The pair said the study, which included 2,260 children between the ages of 12 and 15, showed not only 100% efficacy from the BNT162b2 vaccine, but also a robust antibody response. Pfizer said the data exceeded results from a trial of 16 to 26 year olds, and said it will submit the figures to the U.S. Food and Drug Administration in hopes of receiving approval for the expansion of its vaccine cohort.
“We share the urgency to expand the authorization of our vaccine to use in younger populations and are encouraged by the clinical trial data from adolescents between the ages of 12 and 15,” said Pfizer CEO Albert Bourla. “We plan to submit these data to FDA as a proposed amendment to our Emergency Use Authorization in the coming weeks and to other regulators around the world, with the hope of starting to vaccinate this age group before the start of the next school year.”

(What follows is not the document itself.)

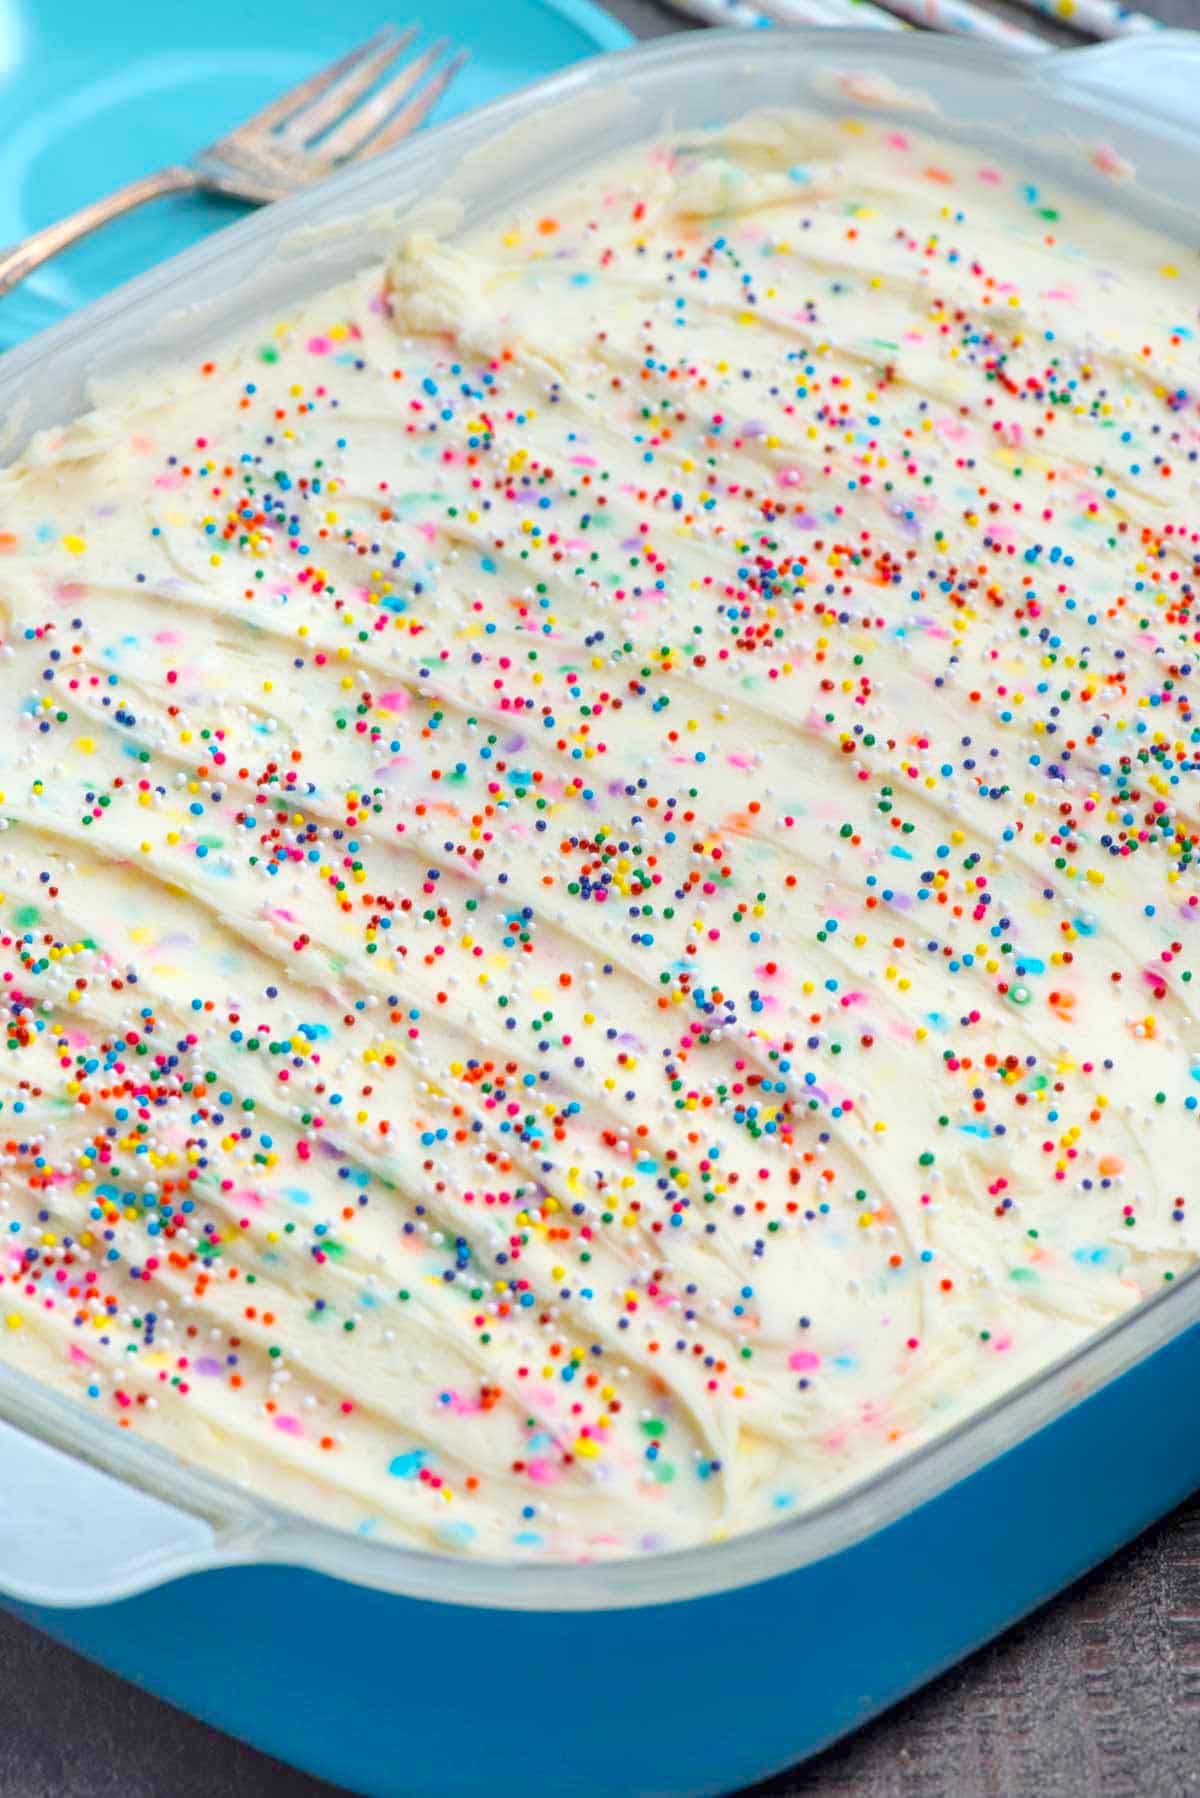 Homemade funfetti cake in a cake pan with vanilla frosting and rainbow sprinkles

Pfizer shares were marked 0.8% higher in pre-market trading immediately following publication of the trial results, indicating an opening bell price of $36.40 each. BioNTech's U.S.-listed shares, meanwhile, were last seen 2.6% higher at $107.17 each.
Pfizer said last week that it would start trials of BNT162b2 on children under the age of 12 later this year, with the aim of administering doses in early 2022.
Pfizer and BioNTech said the trial will involve 144 participants who will receive different dosage levels of the two-shot vaccine over a four-week period. The trial will then be expanded to around 4,500 participants once safety and tolerance data is confirmed.